Mathieu Guidère, qui a réalisé une carte de France de la radicalisation, mentionne le cas de Lunel, petite ville tranquille de 25 509 habitants, qui a récemment reçu une couverture médiatique internationale depuis qu'une vingtaine de personnes sont parties faire le djihad dans les rangs de l'EI, et dont six sont morts au combat en 2014.

« Le cas de Lunel est typique. Il n'y a strictement rien qui justifie le départ d'autant de gens de la même petite ville que le « copycat », c'est-à-dire le mimétisme, un effet d'entraînement entre bandes.

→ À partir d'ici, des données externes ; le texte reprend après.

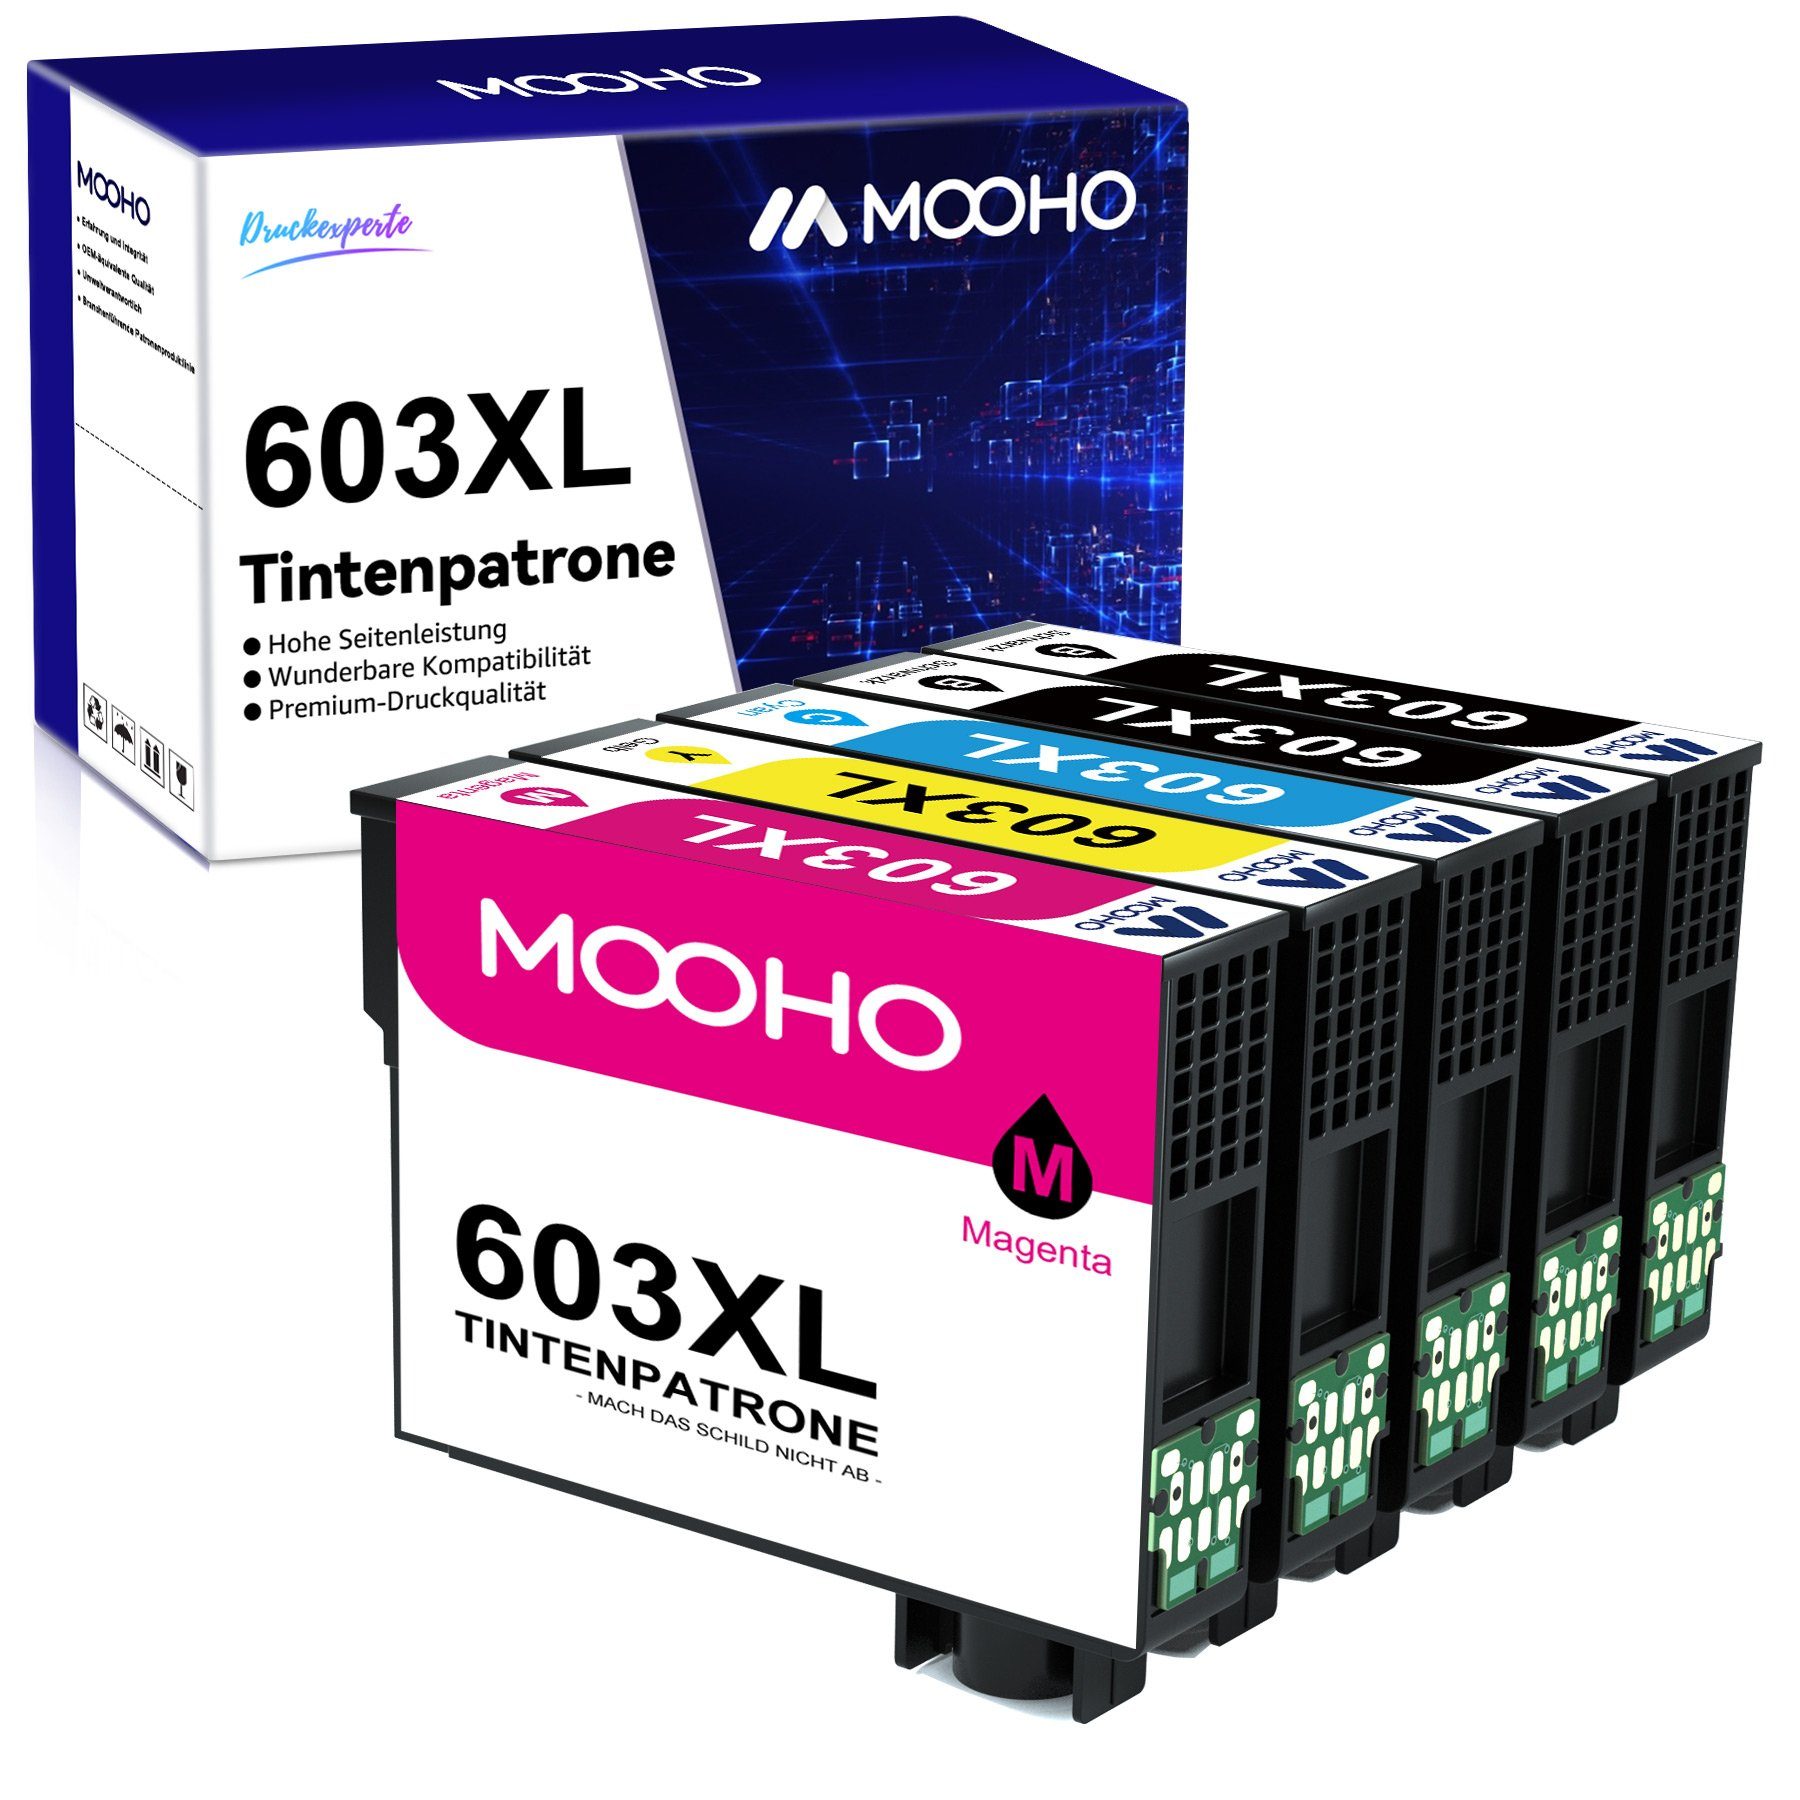 MOOHO ersetzt für EPSON 603XL 603 XL WF-2830 WF-2810 WF-2850 Tintenpatrone 2x Schwarz, 1x Cyan, 1x Magenta, 1x Gelb (5er-pack)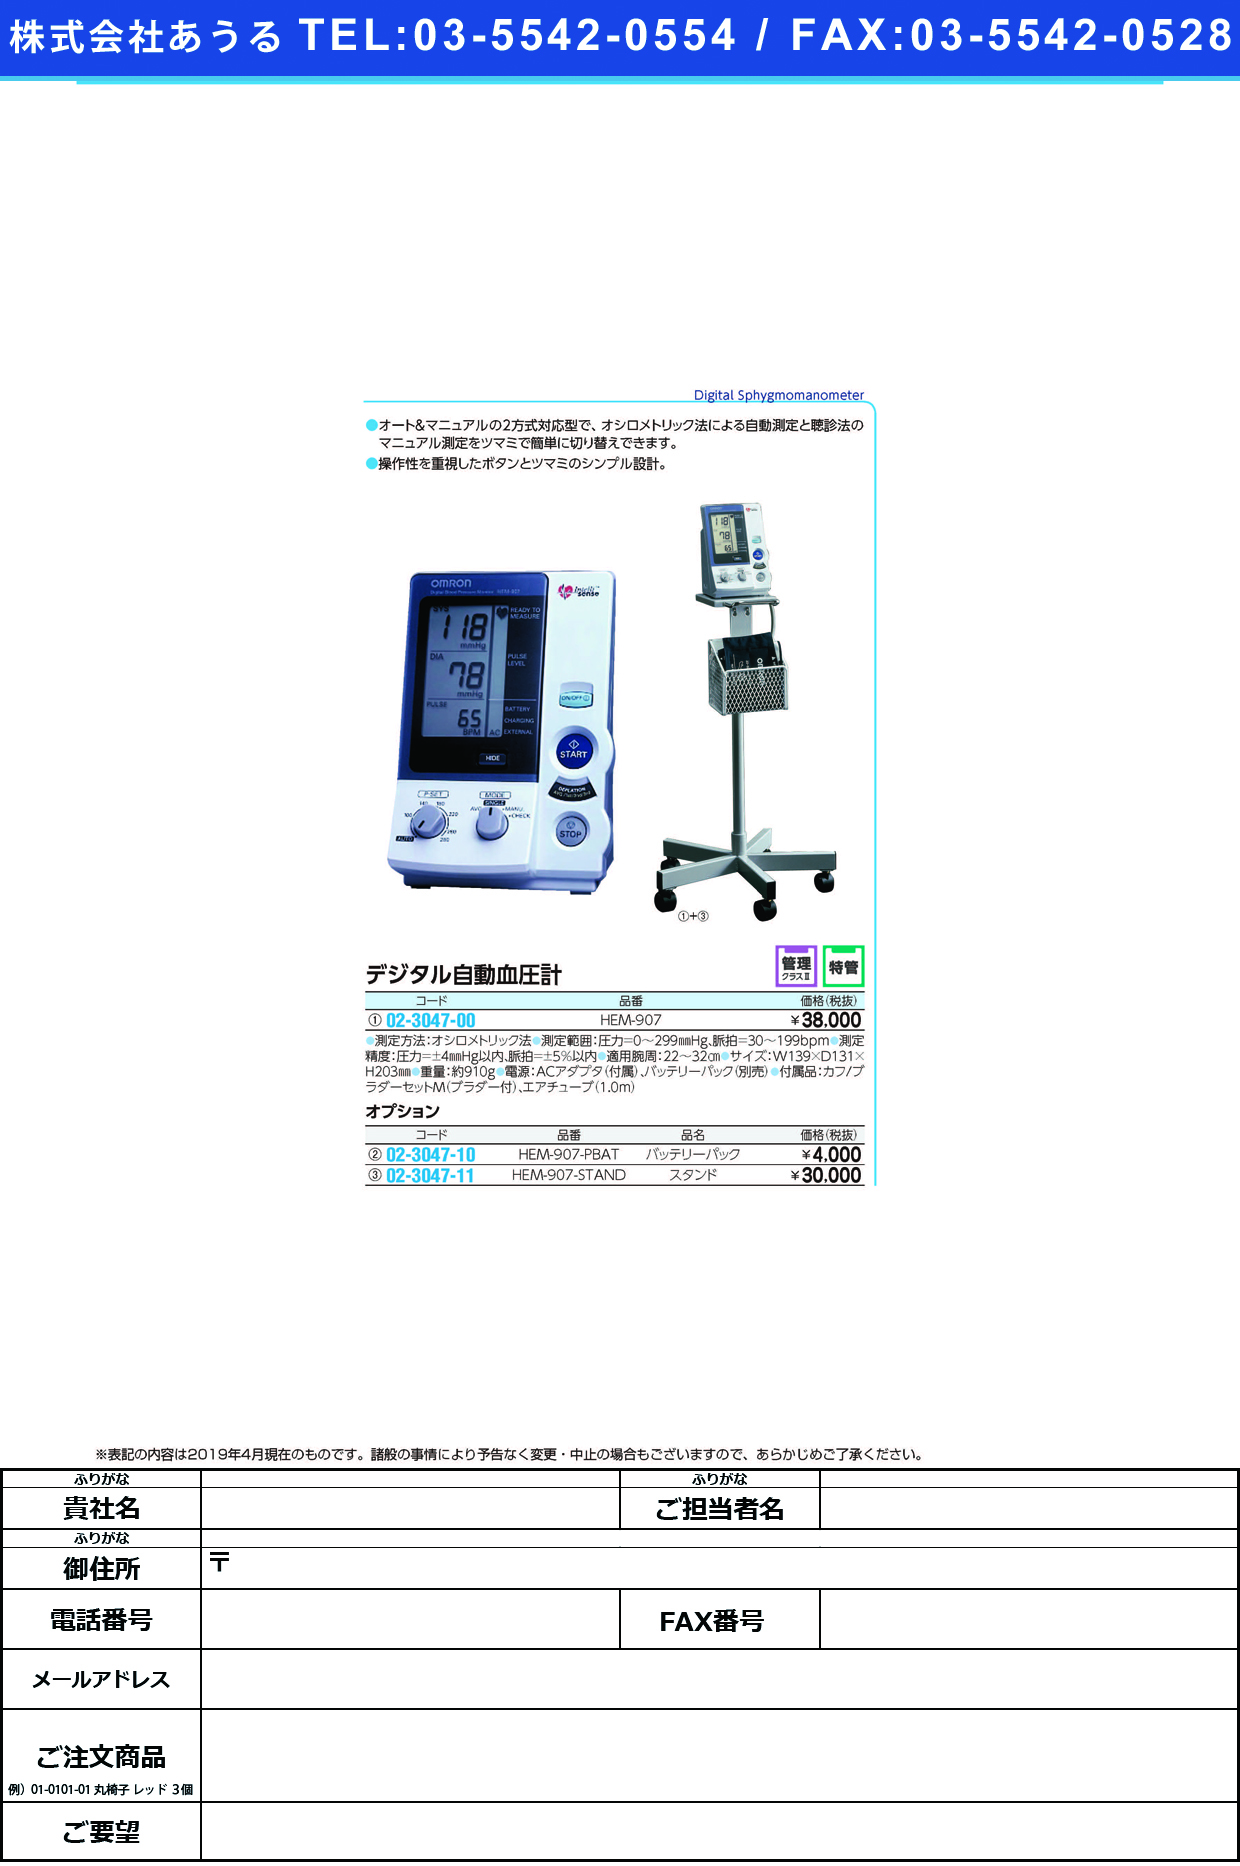 (02-3047-10)血圧計専用バッテリーパック HEM-907-PBAT ｹﾂｱﾂｹｲｾﾝﾖｳﾊﾞｯﾃﾘｰﾊﾟｯｸ(フクダコーリン)【1個単位】【2019年カタログ商品】

Ces jeunes sont complètement ignorants en religion, ne parlent pas arabe. Cet effet du copycat nécessite une action spécifique, » explique le chercheur qui estime que l'initiative numérique du gouvernement n'est pas effective sur des cas comme ceux de Lunel.

La stratégie d'action du gouvernement sur les réseaux sociaux s'inscrit dans le cadre plus large d'une « responsabilisation des acteurs du Web », réclamée par le ministre de l'Intérieur Bernard Cazeneuve le 20 janvier. Ce mardi, lors d'une commémoration des 70 ans de la libération du camp d'Auschwitz, le président François Hollande a déclaré vouloir « confier à l'autorité administrative la possibilité de bloquer les sites internet de haine raciste ou antisémite. » Il affirmé qu'il fallait notamment s'attaquer au problème des « thèses complotistes » qui ont fleuri sur les réseaux sociaux dès le jour des attentats de Charlie Hebdo.